If I made myself clear when it comes to deal-breakers, you should understand what deal-makers are. See them as “bonuses” cause when dating someone, you will get to know gradually more about their world and her/his personality or true self will begin to show up.

Just like with the non-negotiables, in order to be efficient, make a list and select the 3 most essential deal-breakers and deal-makers. All 3 should help you navigate in the dating game with a clearer vision as well as getting involved in better and healthier relationships.

Why does it matter?

“If you fail to plan, you are planning to fail!” ~ Benjamin Franklin

Romantic relationships have been too romanticized through media and movies, believing in finding the “one”, love at first sight and living happily ever after is cute when you are a child, but keeping it as a blueprint or relationship goals when you are in capacity of having a child is problematic.

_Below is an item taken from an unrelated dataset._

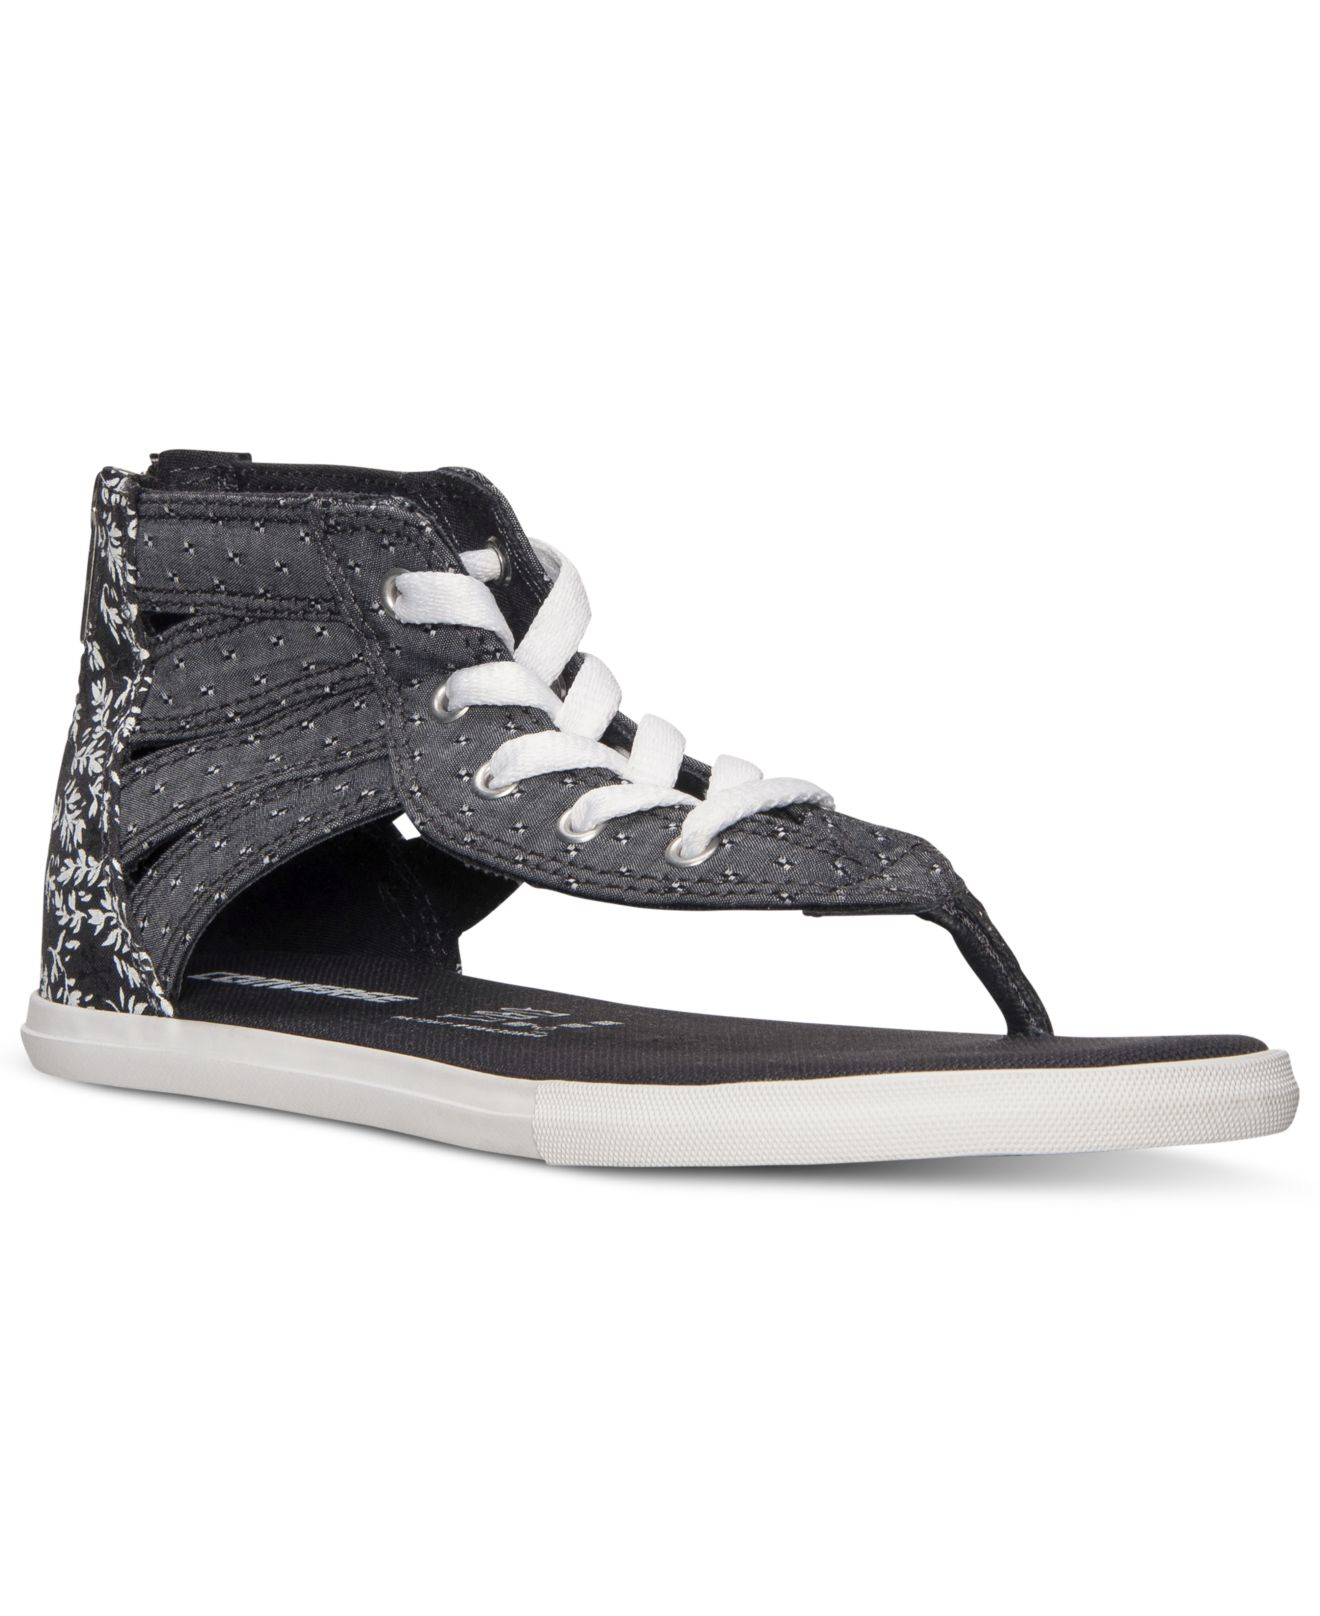 Converse Women'S Chuck Taylor Gladiator Thong Sandals From Finish Line in  Black | Lyst
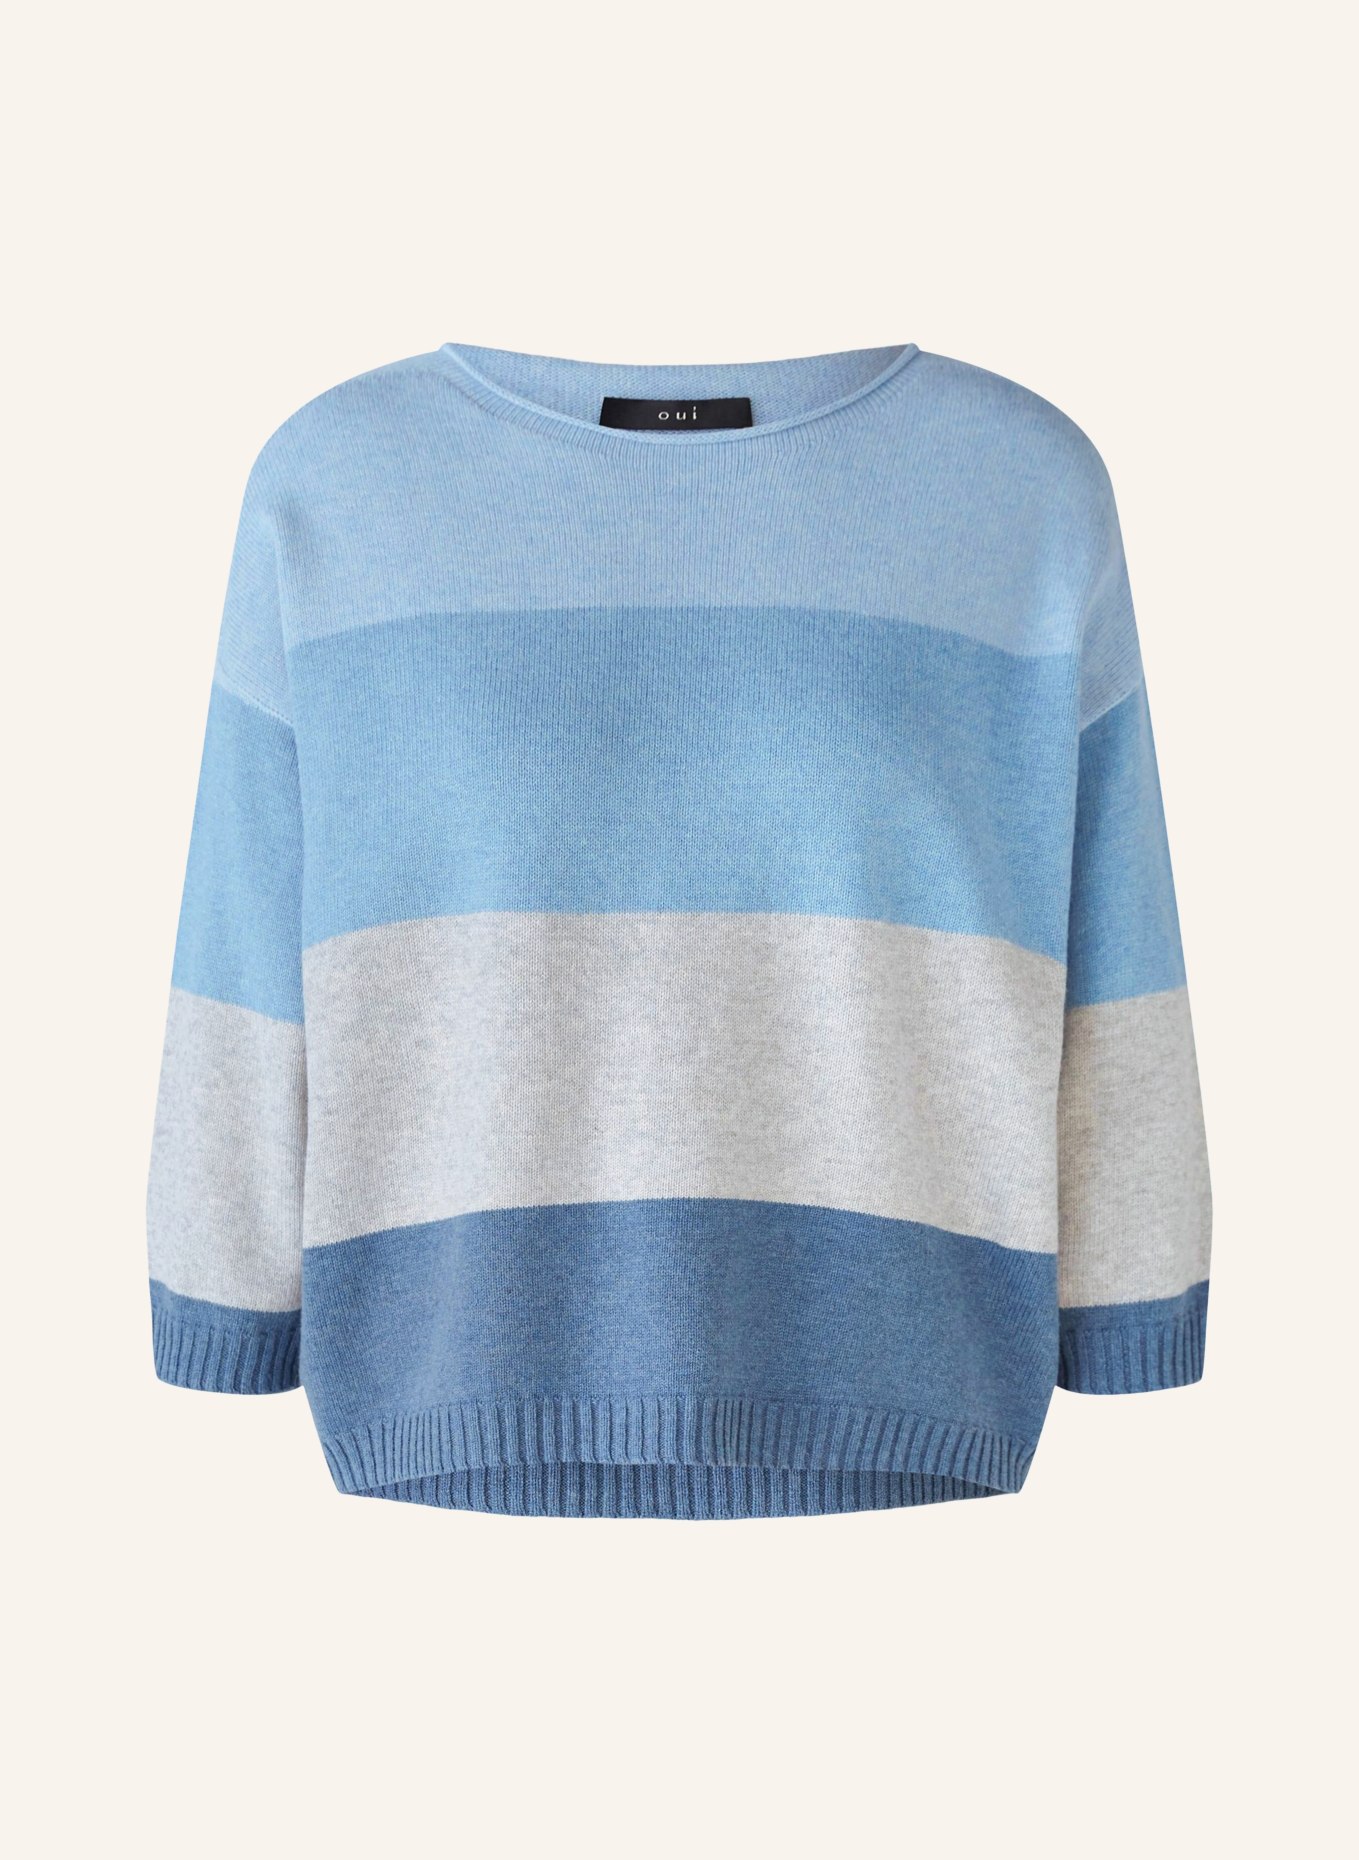 oui Sweater with 3/4 sleeves, Color: LIGHT BLUE/ BLUE/ LIGHT GRAY (Image 1)

Thus, the need to have such tools in mind to improve our decision-making, Dr. Helen Fisher indirectly explains it in this video (4:40) where she argues that love shuts down decision-making parts of our brains.

We usually say we do not choose our family but we can choose our potential partners to create one. Having these 3 pre-requisites in mind, take a good moment to ask yourself: “what are my 3 non-negotiables, 3 deal-breakers and 3 deal-makers? “. Your future self will surely be grateful for it.